DATA BELOW START

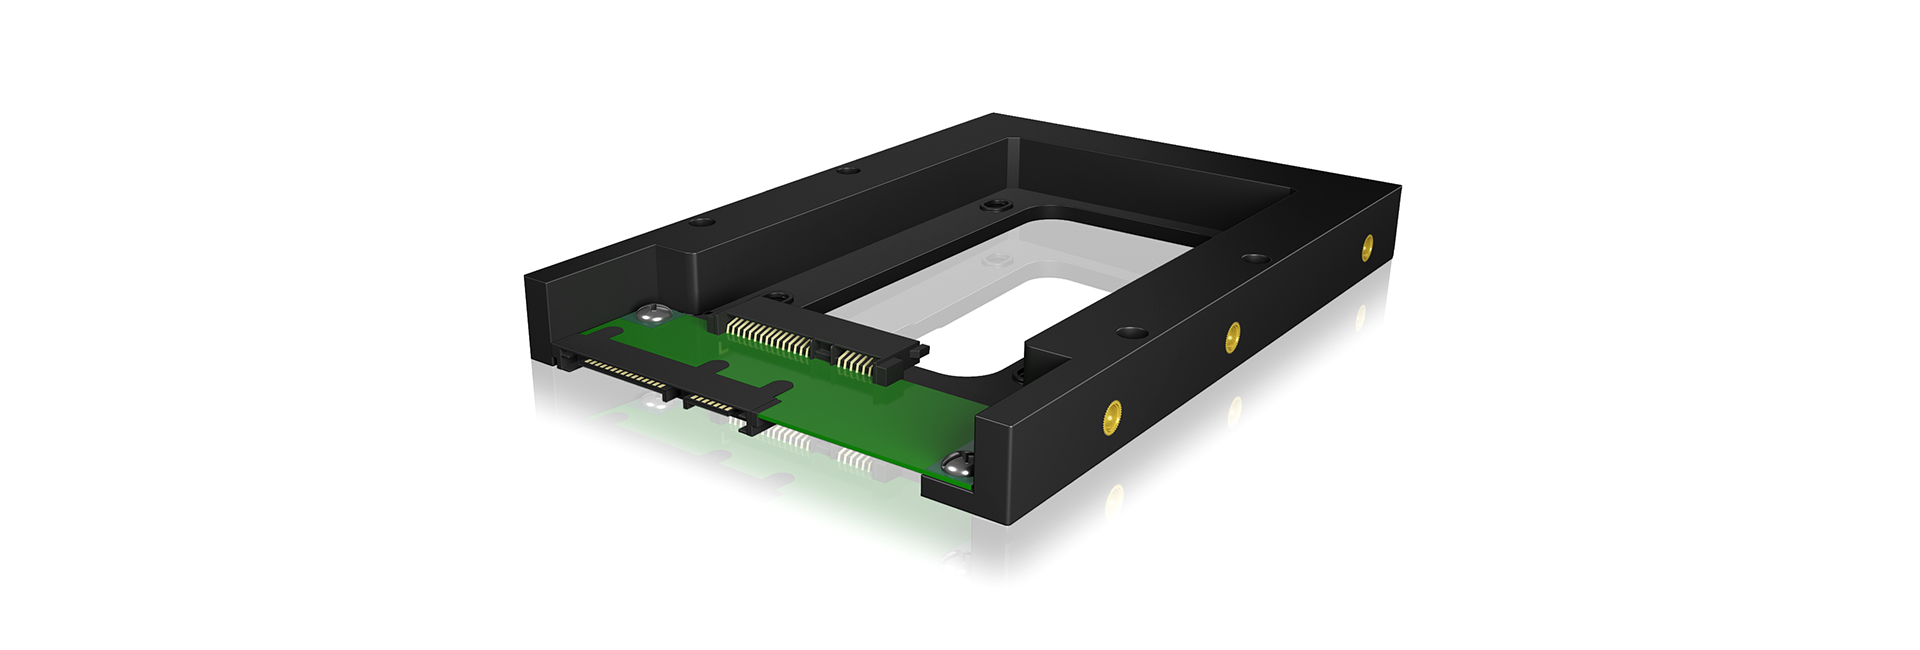 Einbaurahmen IcyBox HDD/SSD Konverter 2,5 -> 3,5 retail
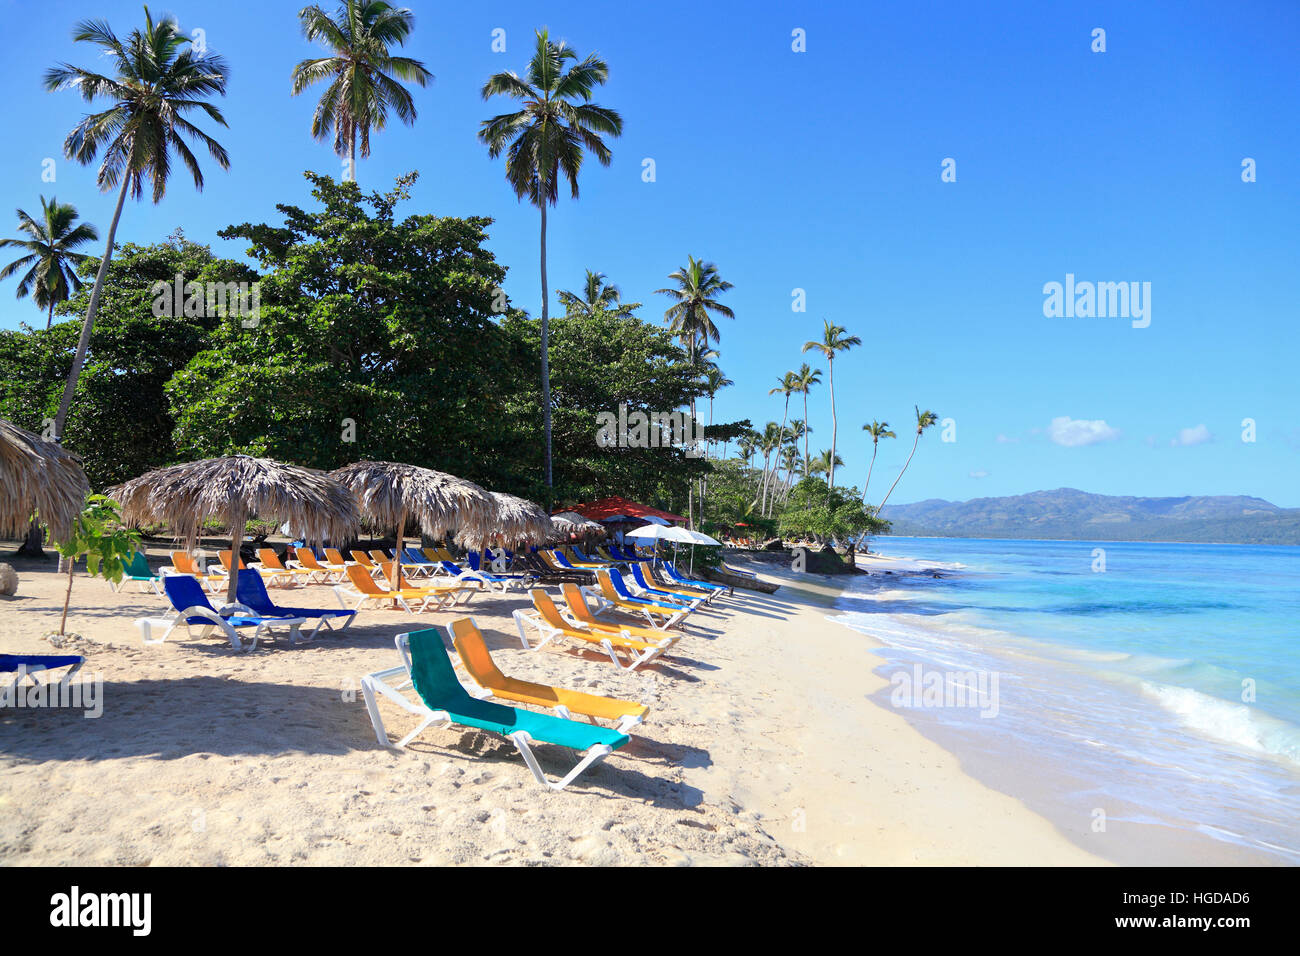 La Playta, hermosas playas tropicales con arena blanca cerca de las Galeras village, República Dominicana Foto de stock
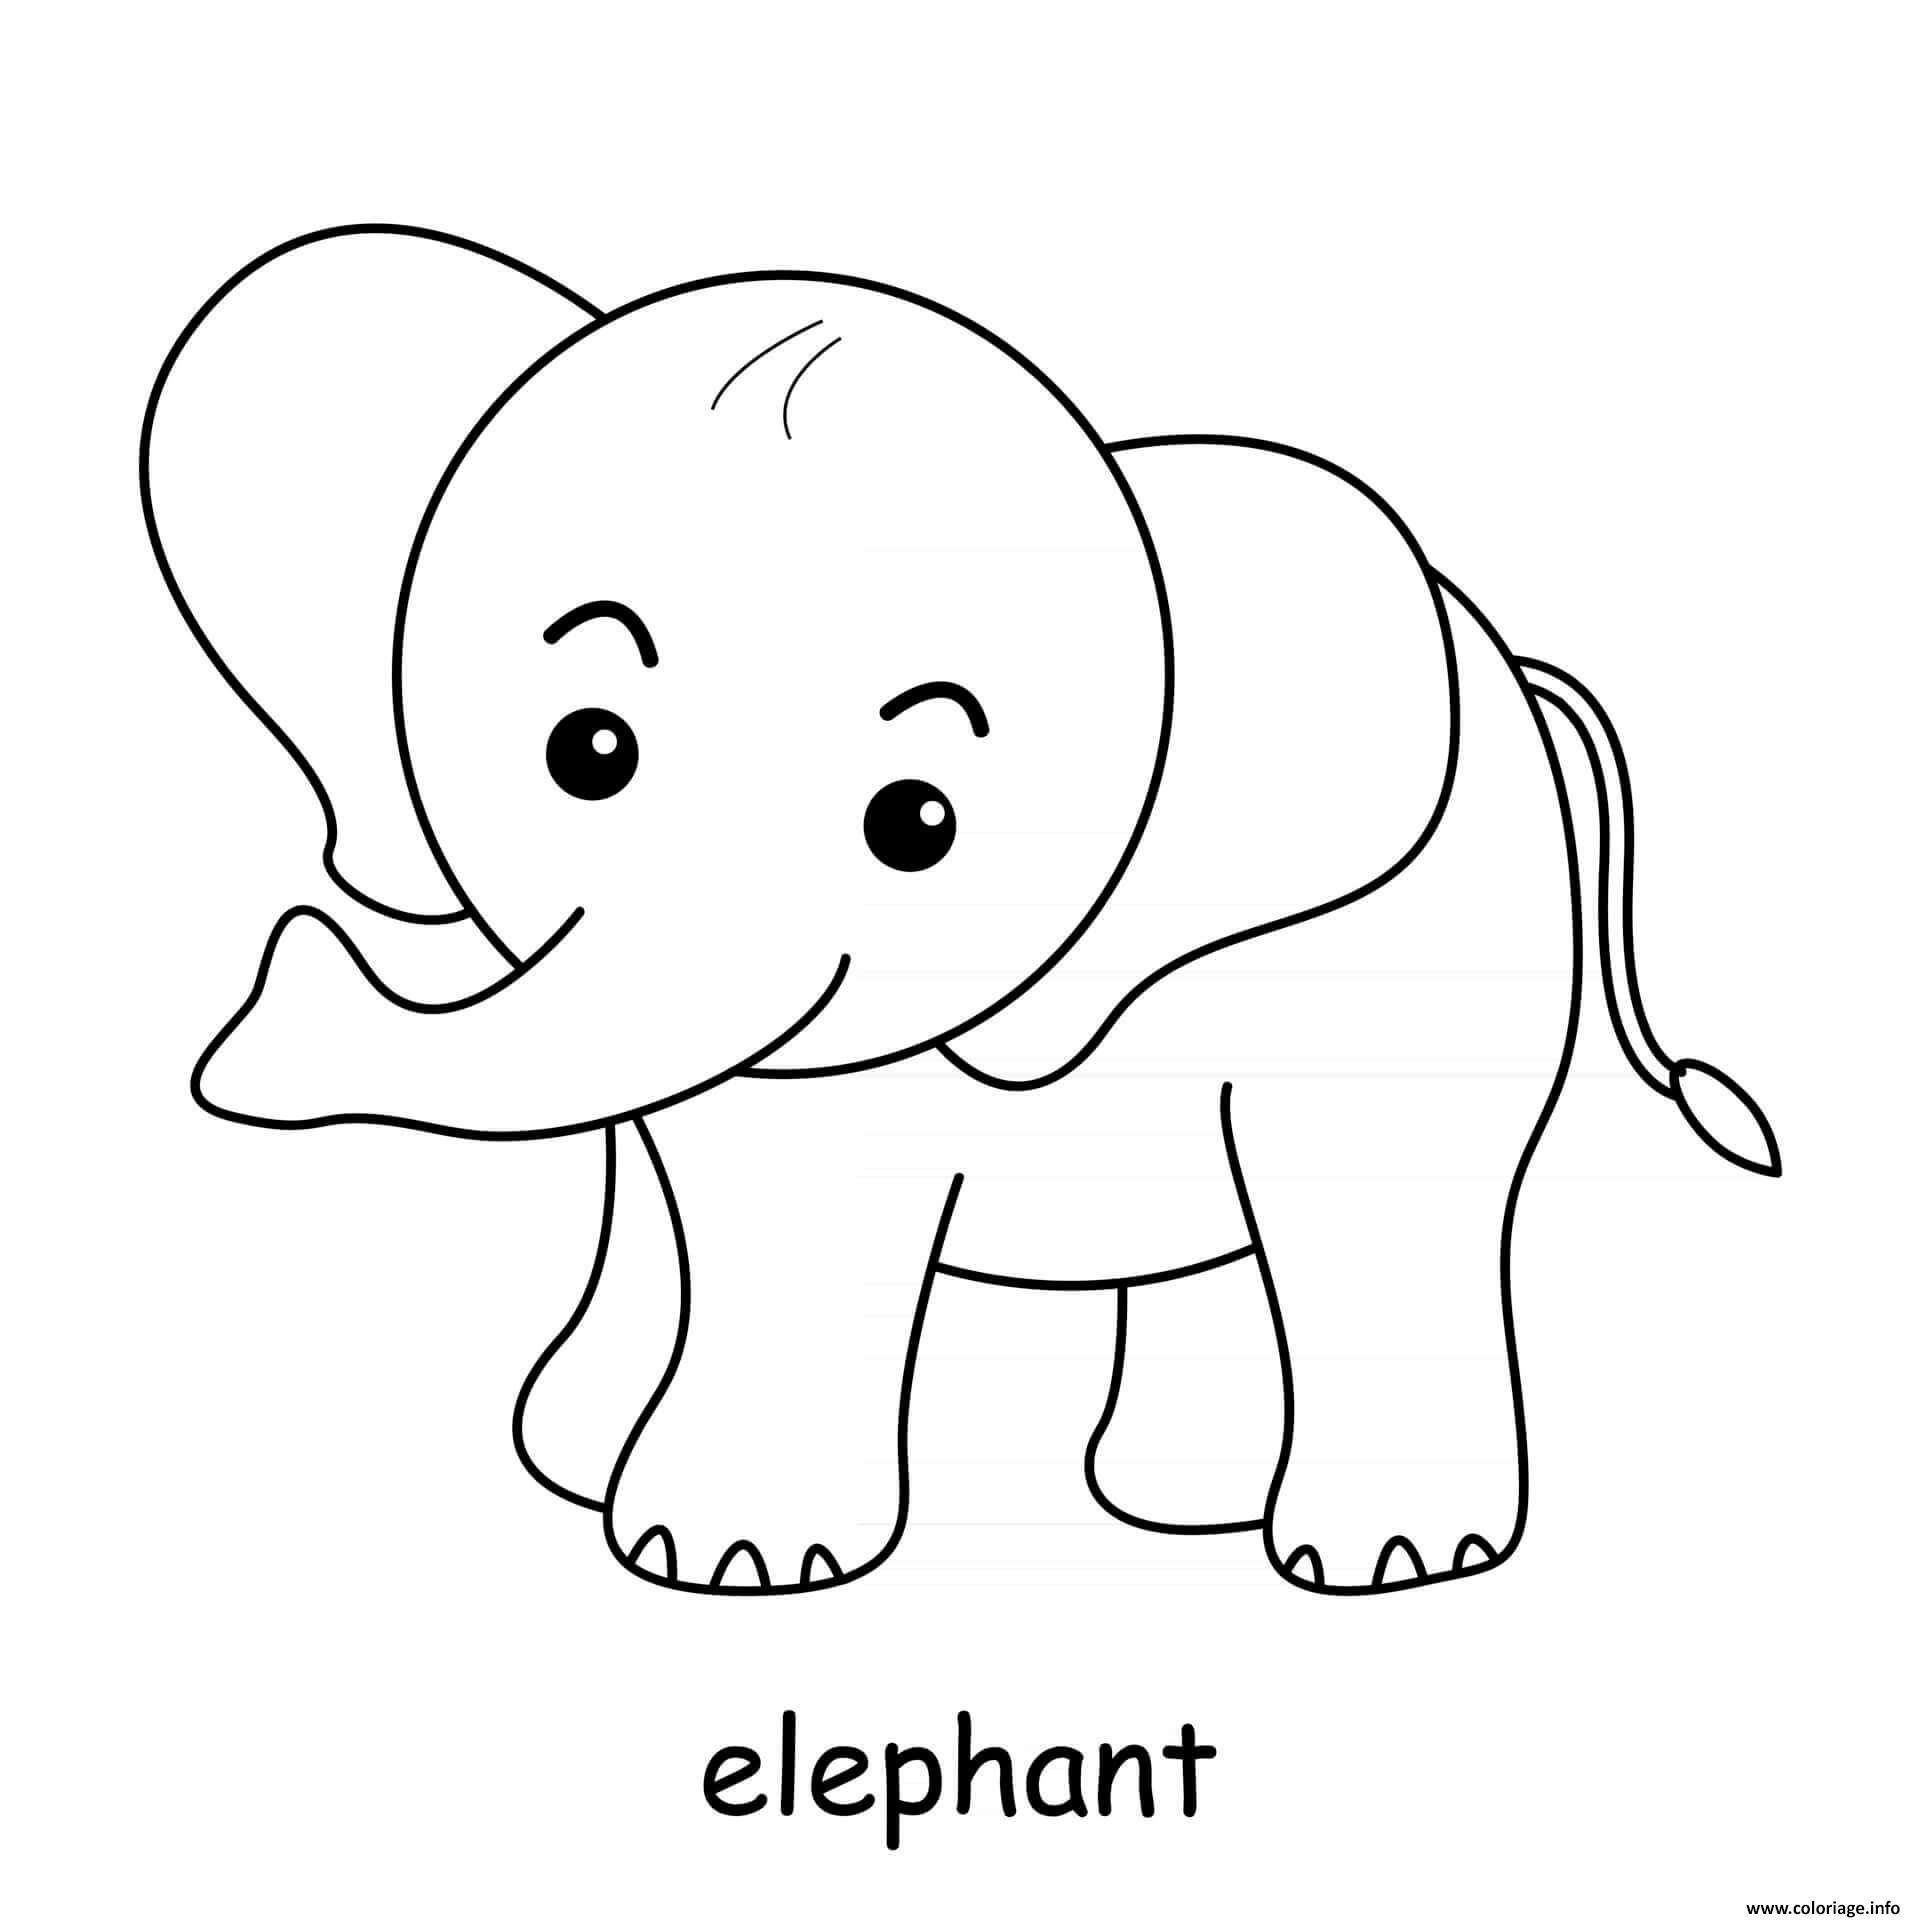 Elephant dessine

DATA BELOW END

ACTIVITY: Reprint the data verbatim, pictures excluded.

WORKED SOLUTION:
 Einbaurahmen IcyBox HDD/SSD Konverter 2,5 -> 3,5 retail
 La Playta, hermosas playas tropicales con arena blanca cerca de las Galeras village, República Dominicana Foto de stock
 Elephant dessine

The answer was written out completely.